> WHAT THE EXERCISE ASKS
Exact repetition of the data below is required.

---- MATERIALS PROVIDED

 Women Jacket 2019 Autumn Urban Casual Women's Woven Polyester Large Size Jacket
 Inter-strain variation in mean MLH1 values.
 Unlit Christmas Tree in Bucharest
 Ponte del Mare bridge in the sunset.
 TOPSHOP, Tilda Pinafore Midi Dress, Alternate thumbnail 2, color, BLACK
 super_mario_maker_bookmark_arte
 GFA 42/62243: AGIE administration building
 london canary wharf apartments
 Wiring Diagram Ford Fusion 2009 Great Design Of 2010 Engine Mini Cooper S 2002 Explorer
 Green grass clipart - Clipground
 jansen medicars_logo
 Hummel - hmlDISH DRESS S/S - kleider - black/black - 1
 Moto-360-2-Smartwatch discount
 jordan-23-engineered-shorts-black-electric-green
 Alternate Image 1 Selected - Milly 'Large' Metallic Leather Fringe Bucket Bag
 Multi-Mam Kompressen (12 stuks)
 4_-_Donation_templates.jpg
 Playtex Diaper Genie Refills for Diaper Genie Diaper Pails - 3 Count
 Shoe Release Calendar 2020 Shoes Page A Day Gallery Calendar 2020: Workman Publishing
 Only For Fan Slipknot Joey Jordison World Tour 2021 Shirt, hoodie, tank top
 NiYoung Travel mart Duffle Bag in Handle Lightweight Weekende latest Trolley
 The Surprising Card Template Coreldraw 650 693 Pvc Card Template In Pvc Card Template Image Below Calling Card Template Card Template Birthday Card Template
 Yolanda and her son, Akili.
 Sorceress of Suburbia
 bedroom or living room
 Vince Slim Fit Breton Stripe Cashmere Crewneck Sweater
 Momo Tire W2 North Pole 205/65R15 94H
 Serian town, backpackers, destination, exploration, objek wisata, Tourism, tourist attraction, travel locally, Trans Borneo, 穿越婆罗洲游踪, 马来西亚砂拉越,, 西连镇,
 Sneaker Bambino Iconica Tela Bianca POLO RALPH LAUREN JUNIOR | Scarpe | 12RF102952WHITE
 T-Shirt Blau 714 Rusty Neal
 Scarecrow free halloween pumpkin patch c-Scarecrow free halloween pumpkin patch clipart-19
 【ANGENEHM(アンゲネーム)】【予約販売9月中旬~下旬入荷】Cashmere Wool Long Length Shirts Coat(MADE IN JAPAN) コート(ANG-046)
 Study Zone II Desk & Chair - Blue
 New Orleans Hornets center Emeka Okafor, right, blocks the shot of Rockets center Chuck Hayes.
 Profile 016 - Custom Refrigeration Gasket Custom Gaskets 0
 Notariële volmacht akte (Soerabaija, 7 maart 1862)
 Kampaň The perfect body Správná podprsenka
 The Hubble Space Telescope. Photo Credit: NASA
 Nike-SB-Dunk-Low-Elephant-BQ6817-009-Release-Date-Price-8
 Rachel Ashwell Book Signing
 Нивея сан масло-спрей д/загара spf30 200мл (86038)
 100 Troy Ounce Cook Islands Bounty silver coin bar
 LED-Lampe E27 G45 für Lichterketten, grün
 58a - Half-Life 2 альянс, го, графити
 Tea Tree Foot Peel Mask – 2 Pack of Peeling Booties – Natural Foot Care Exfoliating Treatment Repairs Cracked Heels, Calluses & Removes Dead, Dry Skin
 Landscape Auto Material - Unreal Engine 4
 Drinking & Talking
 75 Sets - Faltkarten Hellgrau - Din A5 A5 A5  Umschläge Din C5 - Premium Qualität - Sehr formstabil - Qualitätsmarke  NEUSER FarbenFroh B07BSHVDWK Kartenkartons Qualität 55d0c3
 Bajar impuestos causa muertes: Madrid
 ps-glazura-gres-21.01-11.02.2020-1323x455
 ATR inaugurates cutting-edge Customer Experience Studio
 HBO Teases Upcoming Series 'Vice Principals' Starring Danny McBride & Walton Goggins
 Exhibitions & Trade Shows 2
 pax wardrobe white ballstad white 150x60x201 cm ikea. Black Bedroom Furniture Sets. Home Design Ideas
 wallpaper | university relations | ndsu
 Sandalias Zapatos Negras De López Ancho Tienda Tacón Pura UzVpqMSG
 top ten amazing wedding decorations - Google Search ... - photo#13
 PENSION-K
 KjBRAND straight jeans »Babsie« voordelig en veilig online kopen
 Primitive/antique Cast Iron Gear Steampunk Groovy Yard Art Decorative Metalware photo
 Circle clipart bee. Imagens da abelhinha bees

--------

> EXPECTED OUTPUT
 Women Jacket 2019 Autumn Urban Casual Women's Woven Polyester Large Size Jacket
 Inter-strain variation in mean MLH1 values.
 Unlit Christmas Tree in Bucharest
 Ponte del Mare bridge in the sunset.
 TOPSHOP, Tilda Pinafore Midi Dress, Alternate thumbnail 2, color, BLACK
 super_mario_maker_bookmark_arte
 GFA 42/62243: AGIE administration building
 london canary wharf apartments
 Wiring Diagram Ford Fusion 2009 Great Design Of 2010 Engine Mini Cooper S 2002 Explorer
 Green grass clipart - Clipground
 jansen medicars_logo
 Hummel - hmlDISH DRESS S/S - kleider - black/black - 1
 Moto-360-2-Smartwatch discount
 jordan-23-engineered-shorts-black-electric-green
 Alternate Image 1 Selected - Milly 'Large' Metallic Leather Fringe Bucket Bag
 Multi-Mam Kompressen (12 stuks)
 4_-_Donation_templates.jpg
 Playtex Diaper Genie Refills for Diaper Genie Diaper Pails - 3 Count
 Shoe Release Calendar 2020 Shoes Page A Day Gallery Calendar 2020: Workman Publishing
 Only For Fan Slipknot Joey Jordison World Tour 2021 Shirt, hoodie, tank top
 NiYoung Travel mart Duffle Bag in Handle Lightweight Weekende latest Trolley
 The Surprising Card Template Coreldraw 650 693 Pvc Card Template In Pvc Card Template Image Below Calling Card Template Card Template Birthday Card Template
 Yolanda and her son, Akili.
 Sorceress of Suburbia
 bedroom or living room
 Vince Slim Fit Breton Stripe Cashmere Crewneck Sweater
 Momo Tire W2 North Pole 205/65R15 94H
 Serian town, backpackers, destination, exploration, objek wisata, Tourism, tourist attraction, travel locally, Trans Borneo, 穿越婆罗洲游踪, 马来西亚砂拉越,, 西连镇,
 Sneaker Bambino Iconica Tela Bianca POLO RALPH LAUREN JUNIOR | Scarpe | 12RF102952WHITE
 T-Shirt Blau 714 Rusty Neal
 Scarecrow free halloween pumpkin patch c-Scarecrow free halloween pumpkin patch clipart-19
 【ANGENEHM(アンゲネーム)】【予約販売9月中旬~下旬入荷】Cashmere Wool Long Length Shirts Coat(MADE IN JAPAN) コート(ANG-046)
 Study Zone II Desk & Chair - Blue
 New Orleans Hornets center Emeka Okafor, right, blocks the shot of Rockets center Chuck Hayes.
 Profile 016 - Custom Refrigeration Gasket Custom Gaskets 0
 Notariële volmacht akte (Soerabaija, 7 maart 1862)
 Kampaň The perfect body Správná podprsenka
 The Hubble Space Telescope. Photo Credit: NASA
 Nike-SB-Dunk-Low-Elephant-BQ6817-009-Release-Date-Price-8
 Rachel Ashwell Book Signing
 Нивея сан масло-спрей д/загара spf30 200мл (86038)
 100 Troy Ounce Cook Islands Bounty silver coin bar
 LED-Lampe E27 G45 für Lichterketten, grün
 58a - Half-Life 2 альянс, го, графити
 Tea Tree Foot Peel Mask – 2 Pack of Peeling Booties – Natural Foot Care Exfoliating Treatment Repairs Cracked Heels, Calluses & Removes Dead, Dry Skin
 Landscape Auto Material - Unreal Engine 4
 Drinking & Talking
 75 Sets - Faltkarten Hellgrau - Din A5 A5 A5  Umschläge Din C5 - Premium Qualität - Sehr formstabil - Qualitätsmarke  NEUSER FarbenFroh B07BSHVDWK Kartenkartons Qualität 55d0c3
 Bajar impuestos causa muertes: Madrid
 ps-glazura-gres-21.01-11.02.2020-1323x455
 ATR inaugurates cutting-edge Customer Experience Studio
 HBO Teases Upcoming Series 'Vice Principals' Starring Danny McBride & Walton Goggins
 Exhibitions & Trade Shows 2
 pax wardrobe white ballstad white 150x60x201 cm ikea. Black Bedroom Furniture Sets. Home Design Ideas
 wallpaper | university relations | ndsu
 Sandalias Zapatos Negras De López Ancho Tienda Tacón Pura UzVpqMSG
 top ten amazing wedding decorations - Google Search ... - photo#13
 PENSION-K
 KjBRAND straight jeans »Babsie« voordelig en veilig online kopen
 Primitive/antique Cast Iron Gear Steampunk Groovy Yard Art Decorative Metalware photo
 Circle clipart bee. Imagens da abelhinha bees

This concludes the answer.